When a company wants to get involved in an open source software, often they need some help understanding how things work. Sometimes it’s the developer who wants to contribute that has questions. Sometimes it’s their management who wants to understand what type of commitment they are making and what they can expect.

An open source software project can make it easier for a corporate contributor to participate by being clear about:

  • What the release process and schedule looks like.
  • How long it takes for a PR to be reviewed and how to best position it for acceptance.
  • Who makes decisions and how.
  • What roles people in the project play and how they get to those roles.
  • Where and how to ask questions.
  • Who is working on the project and what their motivations are. (Is this software to make apps run faster on watches or is it to make apps run on car computers?)
  • How to find out and stay informed of security issues.

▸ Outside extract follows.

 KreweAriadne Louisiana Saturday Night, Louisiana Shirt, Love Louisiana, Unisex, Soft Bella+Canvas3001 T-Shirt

As an open source software maintainer, the more you can help organizations understand how you work and how to work effectively with you, the more likely they are to engage.

What open source governance models are available?

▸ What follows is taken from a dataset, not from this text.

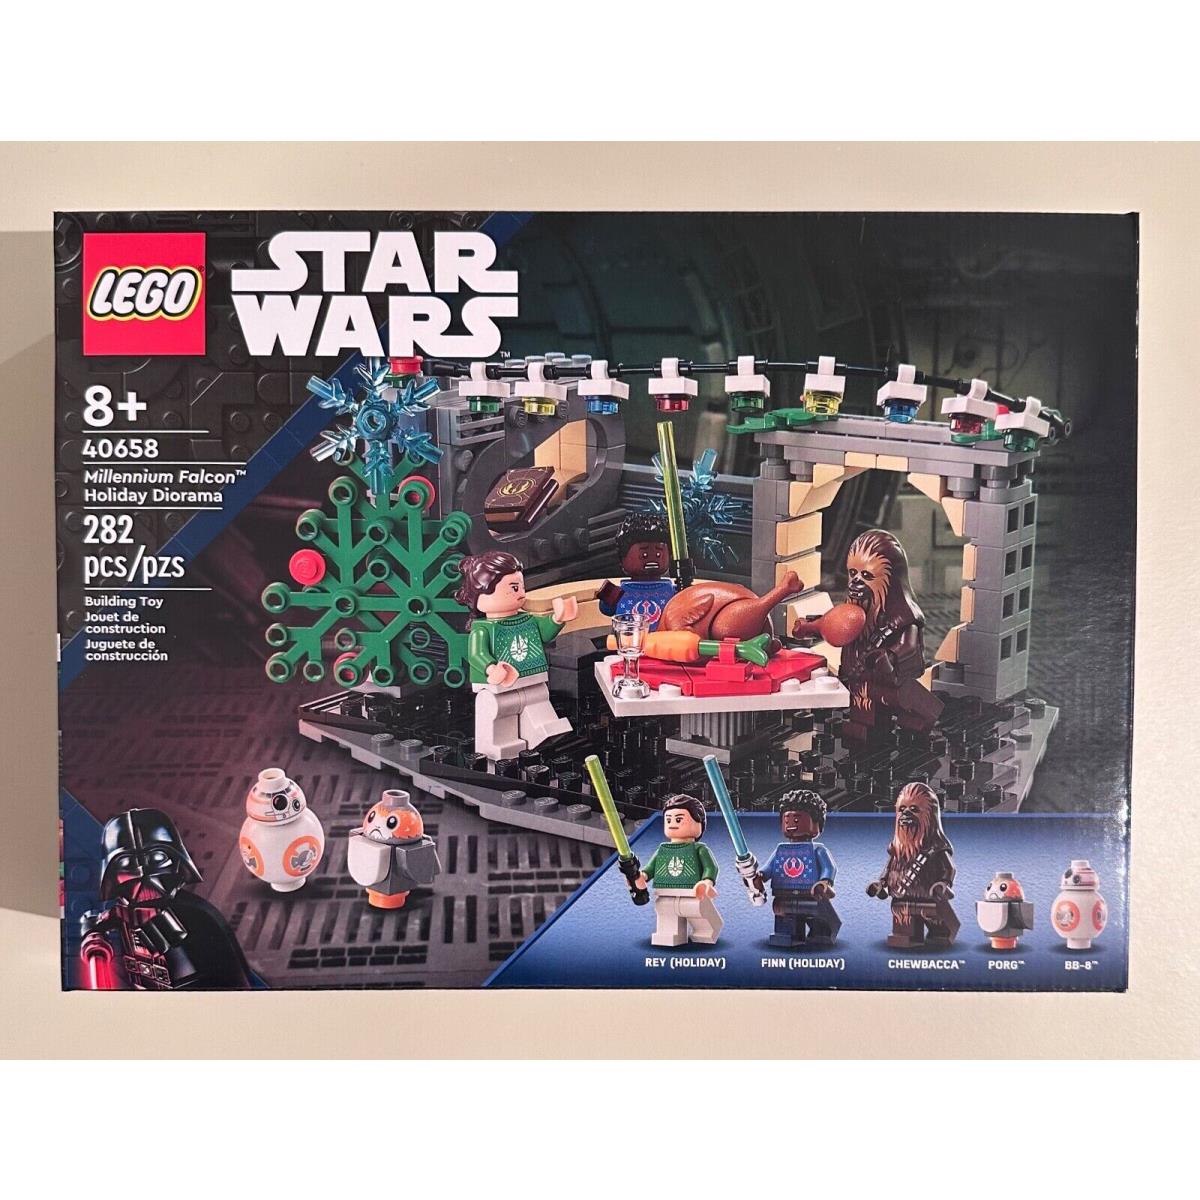 Lego Star Wars 40658 Millennium Falcon Holiday Diorama Building Kit Toy Set

If you are looking for an open source governance model, there are two resources to explore.

  1. Red Hat has published the Project and Community Governance Guidebook on GitHub. It covers things from roles of the participants, to how projects evolve (and governance should evolve with them), to policies and procedures.
  2. The FOSS Governance Collection just launched with a collection of governance docs on Zotero. It is a great place to go see real, live documents used by existing open source software projects. (If you work on an open source software project, or just notice that one is missing, please upload the governance docs!)

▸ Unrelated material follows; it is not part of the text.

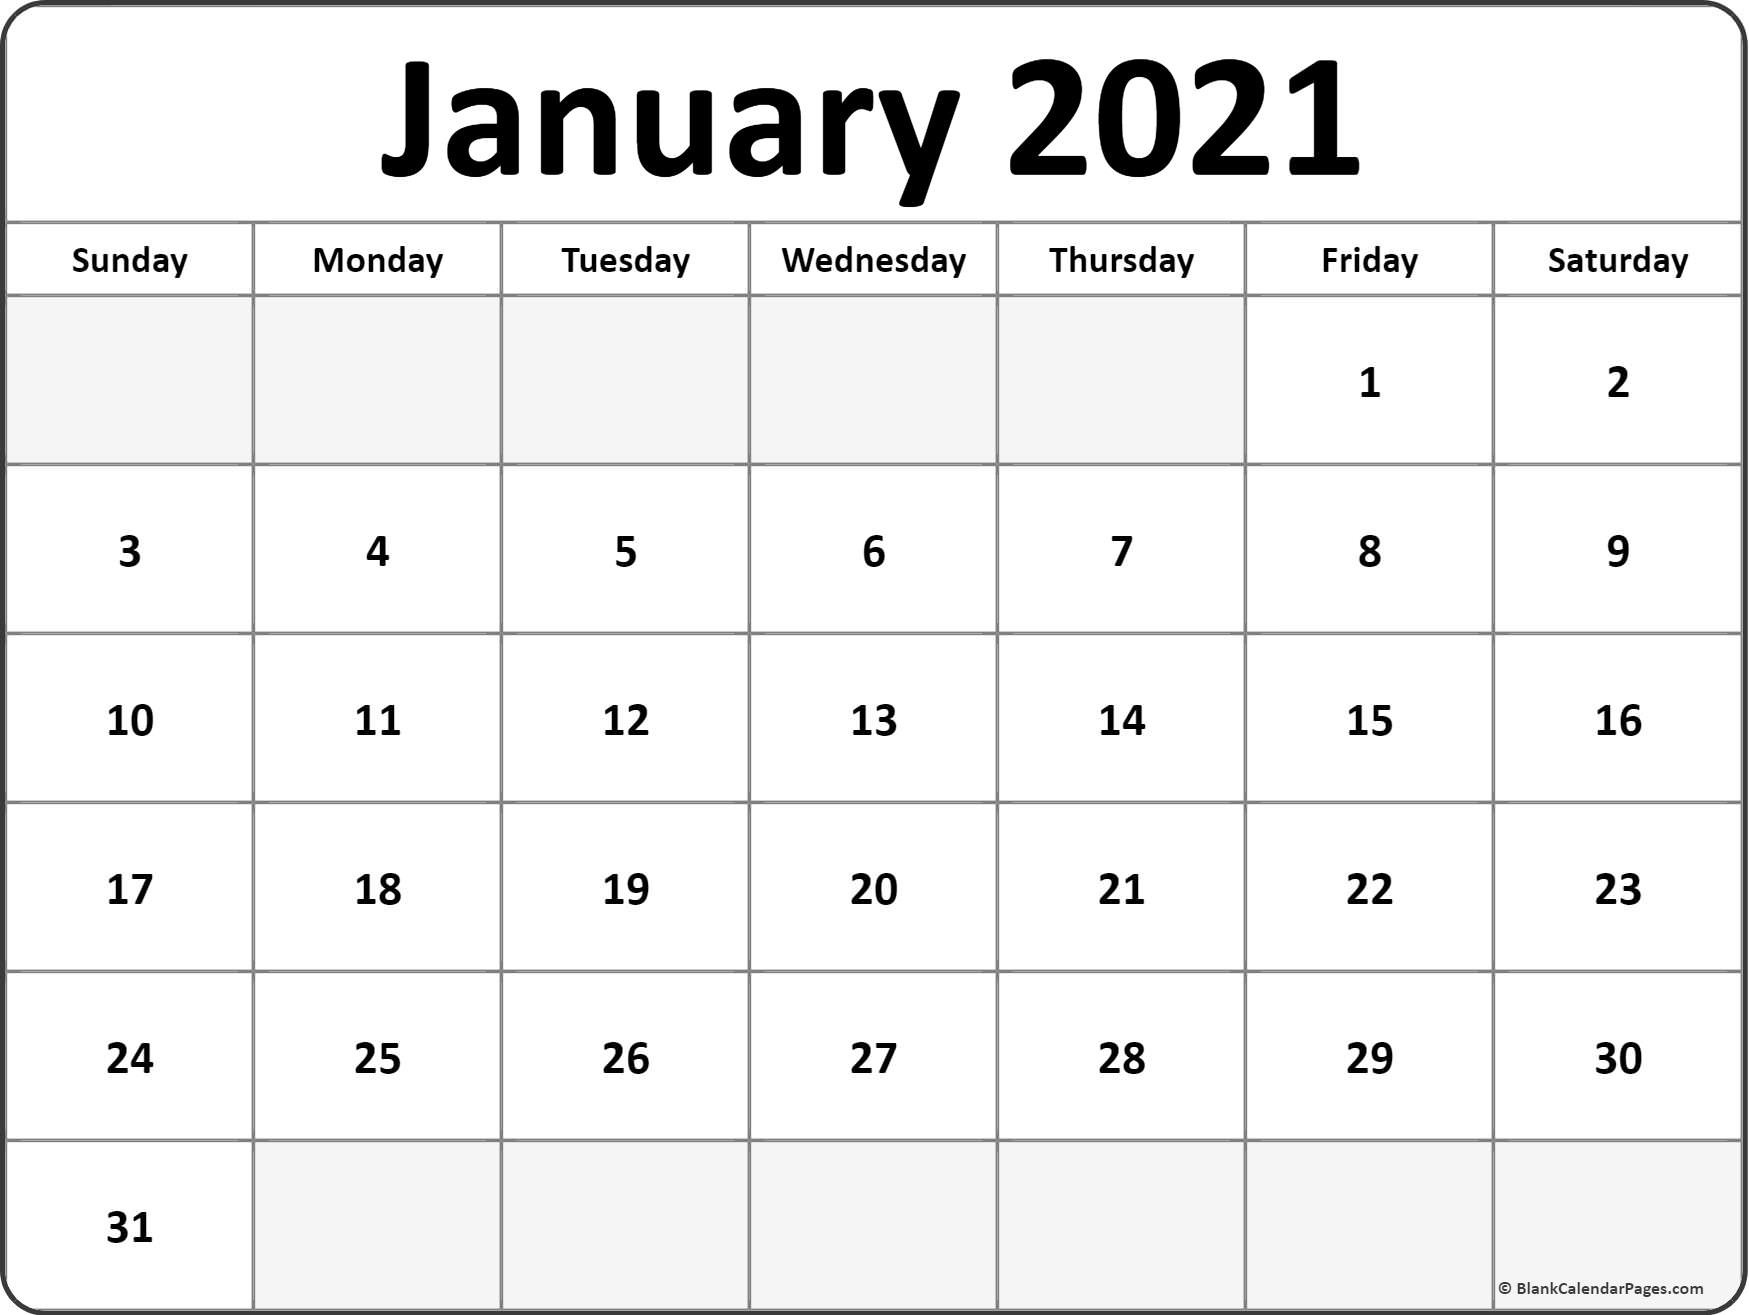 January 2021 Blank Calendar Collection. December 2020 January 2021 Calendar Template

Don’t forget, a project’s governance needs to evolve as the project evolves.

How Open Source Communities Work

Several happenings over the weekend are case studies in how open source software communities work.

The Dev Behind a Hugely Popular GNOME Extension Just Quit

While the news is about a developer quitting because it’s not “fun”. I think the message – or messages – are deeper than that.

  1. Isn’t it awesome that are free software is developed by people that love doing it? Back when I started the OpenLogic Expert Community, I contacted many maintainers and offered to pay them to fix issues that our customers had. Some of them turned me down because they loved working on open source software and thought payment would change that. (That inspired my Would You Do It Again for Free? talk.) Some of them turned down payment because this was a hobby and if they got payment their family might view it and the time they spend on it differently. They took free tech goodies instead!
  2. Wouldn’t it be great if when what you are working on no longer made sense, you could move on to something better suited for you at the moment? Working on something you love, because you love it, gives you the freedom to say it’s no longer your favorite thing to work on and to move on. You do still have responsibilities but in this case, it sounds like there was good backup.
  3. Feedback. I do hope that the GNOME community takes this feedback as an opportunity to explore how things are going. They should survey other users and figure out if this is an individual problem or a systemic problem and how they might prevent it from happening in the future.

Canonical CEO Mark Shuttleworth makes peace with Ubuntu Linux community

It is a positive sign that the GNOME project – or this part of it – had a clear and positive succession plan.

Again I think the title doesn’t capture the importance here.

Governance is very important to every open source software project. It’s important when you set it governance to determine how councils, boards and advisory boards are going to work. Who is going to be on them? What criteria determines who is on them? What are they supposed to discuss? What do they get to decide or control? How do their decisions get implemented?

And projects evolve. You need to continue to examine the governance structure and make sure it’s still working. Sometimes advisory groups are created to raise money or to make marketing decisions. And later they start making technical decisions. What does that mean? Should the group evolve? Or is a different part of the project experiencing difficulties that this group is trying to fill in for?

While I don’t know specifically what happened with the Ubuntu Community Council, it is normal for projects to have governing structures that change and evolve over time. As they set it back up, it will be important to figure out who is on it, how people get added and removed, what their charter is and how their decisions will be implemented.